My eyes meet his suddenly. My wolf pawing in my brain. I didn't see power. I certainly don't give a rat's ass about money and luxury. But I did see a lot of love. The love I haven't had my entire life. Killian catches this movement of mine. His eyebrow raising.

"So, you're a secret romantic?" He smirks as a growl vibrates in my chest. He places his hands up in defense as he eyes me curiously, "I thought you were going to see power."

My wolf starts whining in my head. I can't help but remember what I saw that night. It's made me feel so strange ever since. The image of Wayan's hazel eyes flashing across me again. My heartrate speeding up slightly as I ball up my hand into the grass and dirt below. It's not possible. It can't be.

"I should have known," Killian continues with a small eye roll. "You wolves and your Mate mythology."

"I—"

He cuts me off which I don't appreciate whatsoever. "You saw him, didn't you?"

Killian's purple iris bear into my own. I won't give him the satisfaction of reading me. I keep my face still—unmoving. He takes a deep breath when he realizes I'm not going to tell him anything.

"That potion brings out our deepest and darkest desires," He tilts his head to the side. "Desires we may have yet to discover. Longings so deeply rooted that we don't consciously realize they exist."

"Poetic." I tease him. But his words sink deep into me. I think back to seeing my father. My mother. Those...make sense. What doesn't make sense is seeing Way's eyes. His hazel gaze and the way he claimed me as his.

No...

My wolf scoffs. No way.

Killian smiles gently, "You should talk to your Wolf-boy."

"Wayan." I correct him again.

"Yeah whatever," Killian snorts. "He punched me twice. It's Wolf-boy."

I let out a small laugh. Killian twirls a flat rock between his fingers. It looks like a skipping-stone. "He saw something too," Killian says. "It spooked him."

I decide to stand up. Brushing my butt off with my hands. Crossing my arms over my chest, "We're good, Killian?"

"Yeah. We're good." He smiles at me—giving me a wink. I'm just about to walk off when the flat rock elevates upwards until it's level with my face. The smell of Magic hitting me strongly as Killian levitates the stone.

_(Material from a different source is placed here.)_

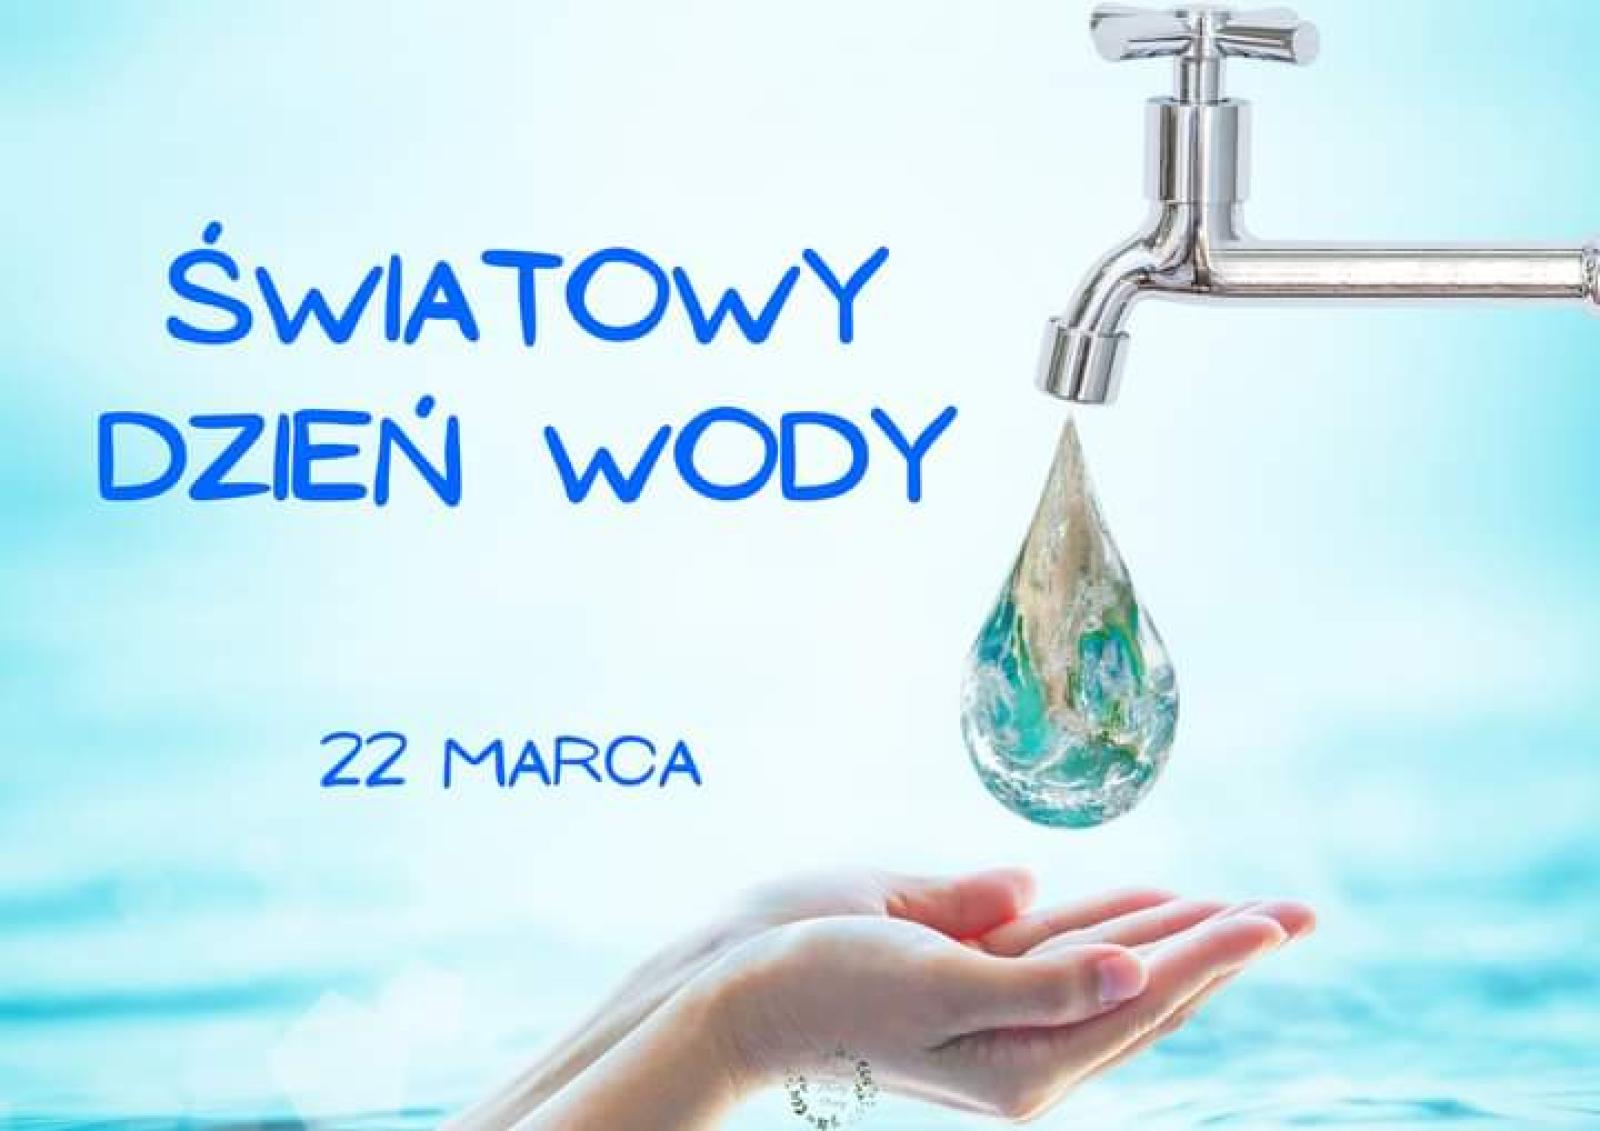 Światowy dzień wody

"Take it." He tells me with encouraging eyes. Maybe I shouldn't be so trusting but nothing is setting off my alarm bells. I reach for the rock, seeing that it fits in my palm. It feels somewhat electric and static. Holding it in my hand, I move it slightly to the side. The thinnest point of the stone shifting so that it's pointing directly at Killian. Like a little compass that only points to him.

I look up at him and he raises his eyebrow devilishly, "If you need any more booty calls you know where to find me."

I laugh loudly, placing the rock in my pocket. Waving at him before disappearing into the castle. I take a deep breath, inhaling the smell of ocean and pine. My wolf and I less anxious now that we've spoken to someone. But more stressed as we harbor on Killian's words over his potion. I lean against a stone wall. My heart beating quickly in my chest as I try not to think too much of what my visions meant. Eyeing outside a window, I look out into the clear skies.

I feel the urge to hyperventilate. I want to talk to Way. I want him to comfort me because he's the only person who knows how. But he's angry at me. Or at least, I think he is. I take a few deep breaths. I hate feeling this...My mind utterly cluttered with Way.

***

I usually seek out trouble when I'm angsty. I think I've had some character development because instead of trying to steal some of the stuff in the castle, I did the proper thing and went on a walk through the gardens. It didn't help all the way. My wolf and I desperate to resolve things with Wayan.

Around lunchtime, I know the guys are probably in the studio. I muster the courage to face them. I did snap at them too. I've never felt guilty or bad over this kind of stuff, but we were getting along well and having a good time. I hope I didn't ruin my friendship with them. Maybe they'll push me away. I've probably overstayed my welcome at this point. They'll probably start asking Way to stop including me.

Brace yourself, I tell my wolf.

"Hey guys." I walk into the studio quietly. Aiden stands up first while Matthew's body turns in a chair to face me. Alexander eyeing me up and down from his own seat. They all seem surprised to see me as I stroll into the room. Stopping a few steps from the door. Their jaws dropping slightly.

"Kole," Matthew's the first to overcome the surprise. His kindness shows in this moment when he smiles gently. He sets his electric guitar down on the ground, standing a taking a step towards me.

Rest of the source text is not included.